It s available for £9.96 from Farnell, and RS (i.e. about half the
price of an Arduino)
I believe this is a marketing promotion, so don't plan to buy them in
6 months time (I might be wrong, but manufacturers often put
development boards out to stimulate interest, but stop production once
interest has been stirred)

It's spec is a bit Bonkers:
- 1MByte flash
- 192KByte RAM
- ARM Cortex-M4 32bit processor with hardware floating point
- 168MHz
- It's a 100pin part, so lots of IO
- 3 x 2.4Msamples/second ADC
- Stereo DACs
- 2 USB interfaces
- lots of UASRTs, SPI, I2C, SDIO, ...

As if that wasn't enough, it comes with 'proper' Audio out (stereo
96KHz 24bit), a microphone, and a 3-axis accelerometer, as well as
some LEDs and a button.

It also has a proper USB/SWD hardware debugger on board (I am not sure
if OpenOCD support is released yet).

The standard software is a bit complex to use. It is intended for
engineers who want maximum flexibility, not ease of use, and really
requires you to read a 1315 page manual (RM0090)

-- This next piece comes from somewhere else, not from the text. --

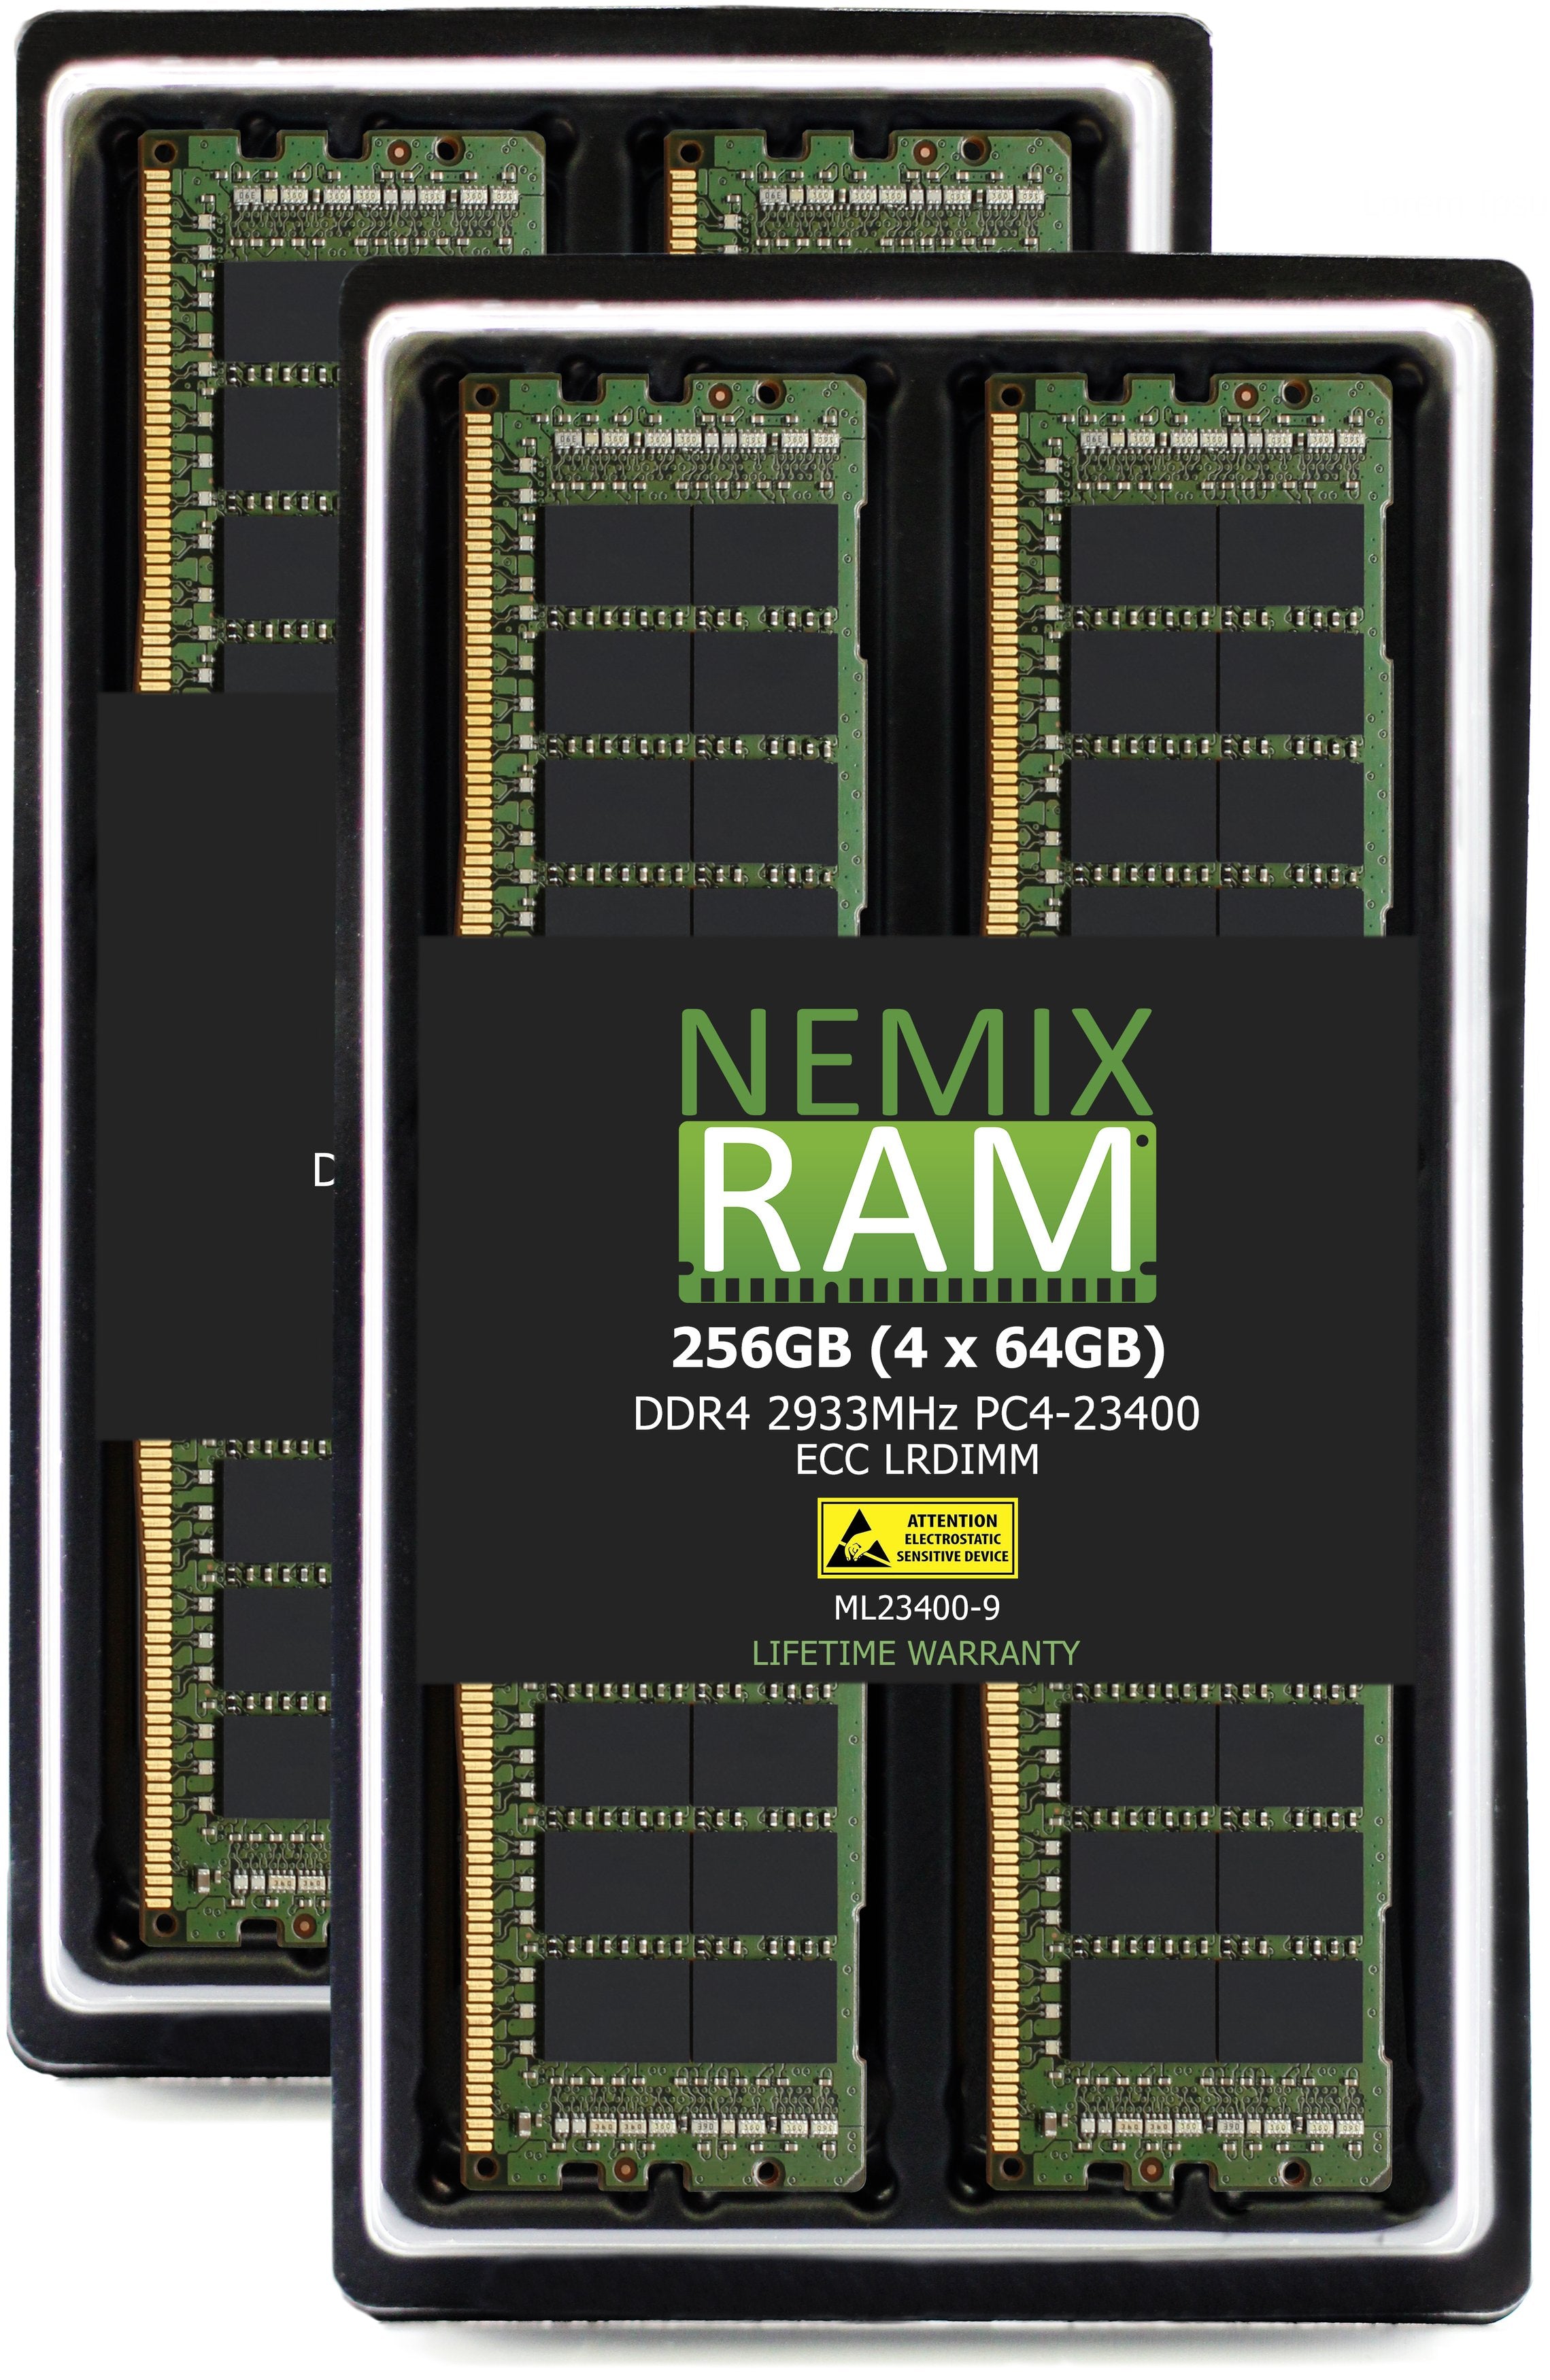 DDR4 2933MHZ PC4-23400 LRDIMM for Apple Mac Pro 2019 7,1

BUT, as of yesterday, ala42 has released a *subset* of the Wiring
libraries (Arduino started with Wiring) for it!!
http://forums.leaflabs.com/topic.php?id=1268&page=2#post-7828

There are still problems.
For example, the manufacturers standard upload program only exists on
Windows. (That's a problem I and others are working on to fix.)
The board uses two rows of double row pins, which makes it harder to
get at signals than single row header sockets.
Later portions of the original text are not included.